After doing research on the 80-20 rule, I came across this article that gave a new twist to the rule. It states that 80% of the issues we have with others are our own internal battles. The other 20% are actual relationship issues. I loved this viewpoint because it holds us accountable for obstacles that happen instead of blaming the other person. This is reassuring because it lets us know we can actually do something about the quality of our relationships instead of thinking the answer is in dating someone else. Remember the grass is greener wherever you water and nurture it.

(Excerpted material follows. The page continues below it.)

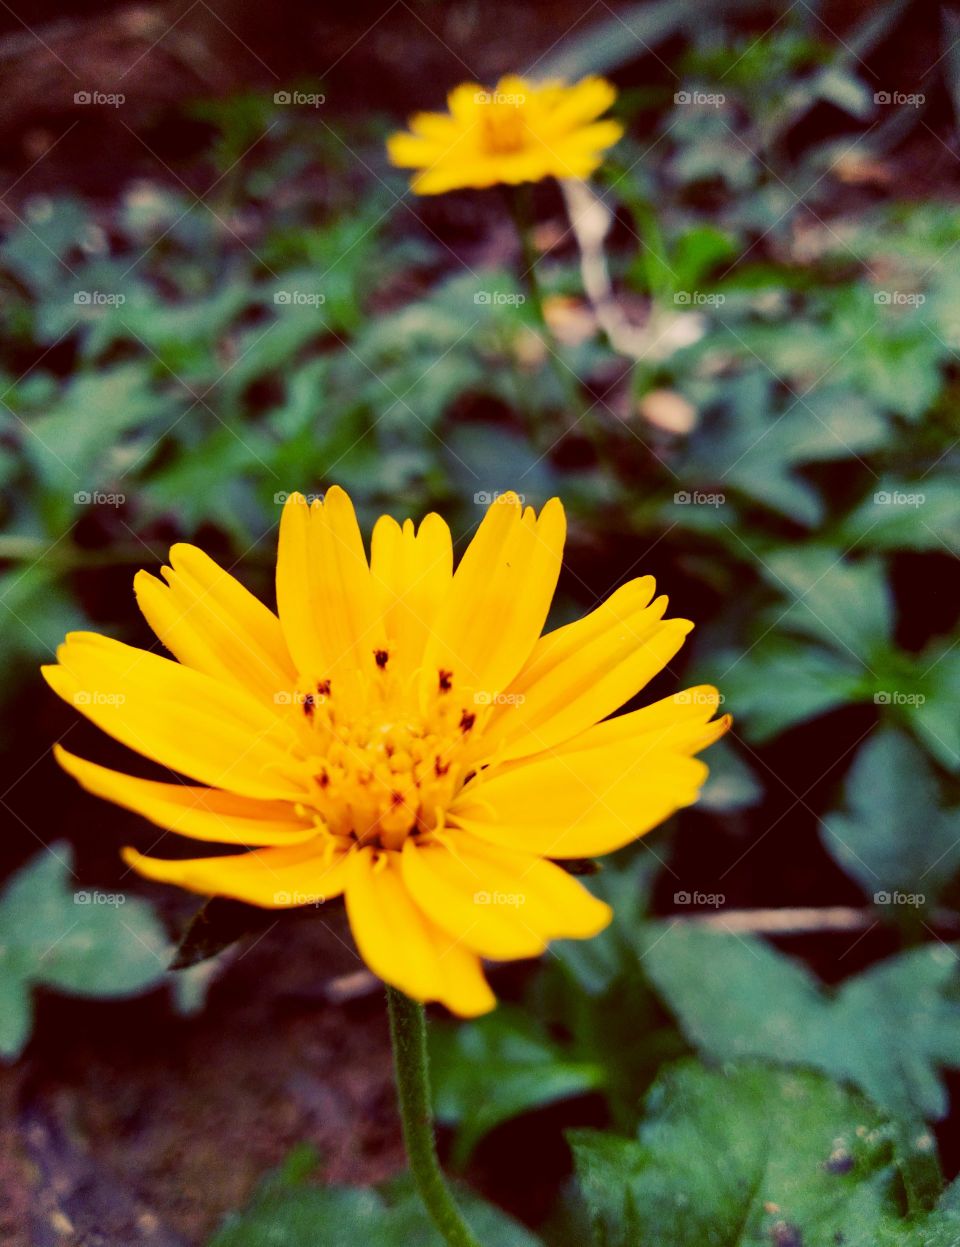 Close up shot of a yellow grass flower
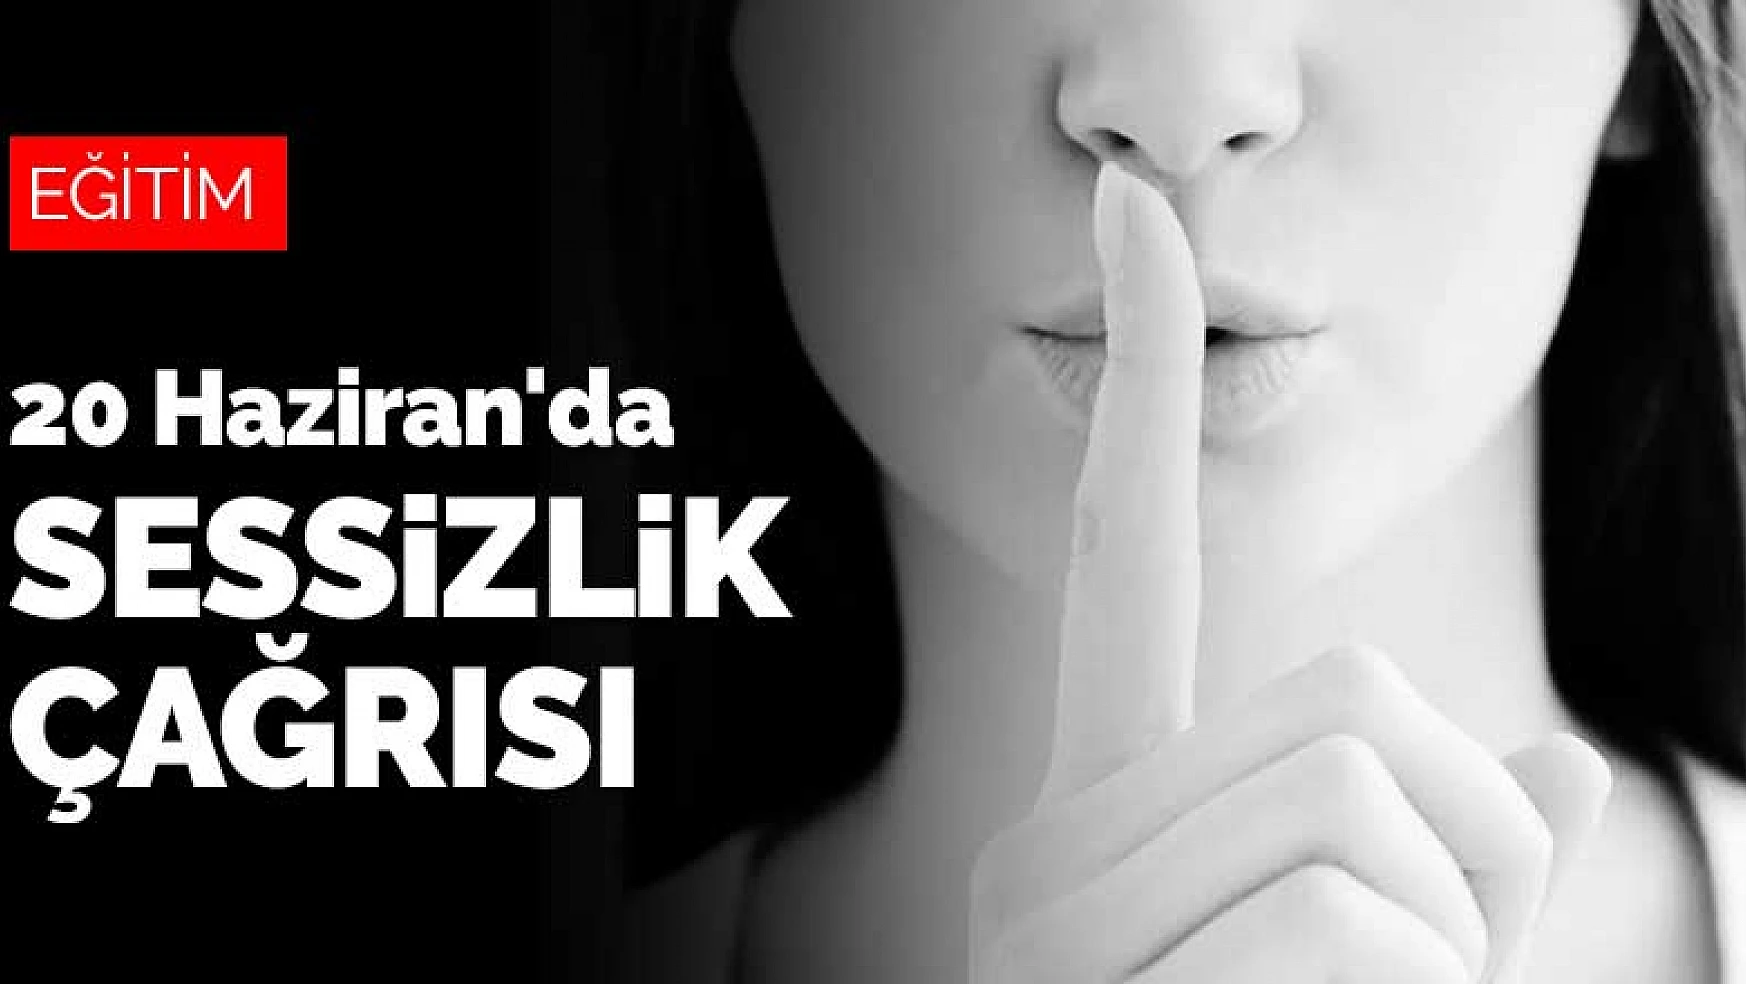 Konya ve tüm Türkiye'ye 20 Haziran'da sessizlik çağrısı

Ultimately, do not be consumed by the 80-20 rule or let it be the driving force in your relationship. I am not saying do not have boundaries and limitations because every relationship needs them, but don’t be ruled by this one. Some relationships could very well be 75-25 or 90-10. The 80-20 rule twist encourages us to pick and choose our battles. How much of our difficulty with our partner is in response to something else that has happened to us through experience? Reflect and think if this obstacle is a serious problem in your relationship or a personal one? 

Continue to focus on the positives in your partner when the road is rocky. Accentuate them and think about why you are with your partner in the first place. Also, model the partner you want your partner to be and be as receptive to change as you want your partner to be. Most importantly, be spontaneous! When you are going through a rough patch and both partners want to give effort to make it work, reinvent the dynamics of the relationship. Go out and have fun together. It is hard to focus on the negatives when you are having fun!

This observation on relationships are completely subjective. No rule can tell you what to do when it comes to your love life. The most important advice I can give is do not lose something that is workable for something that will probably never work!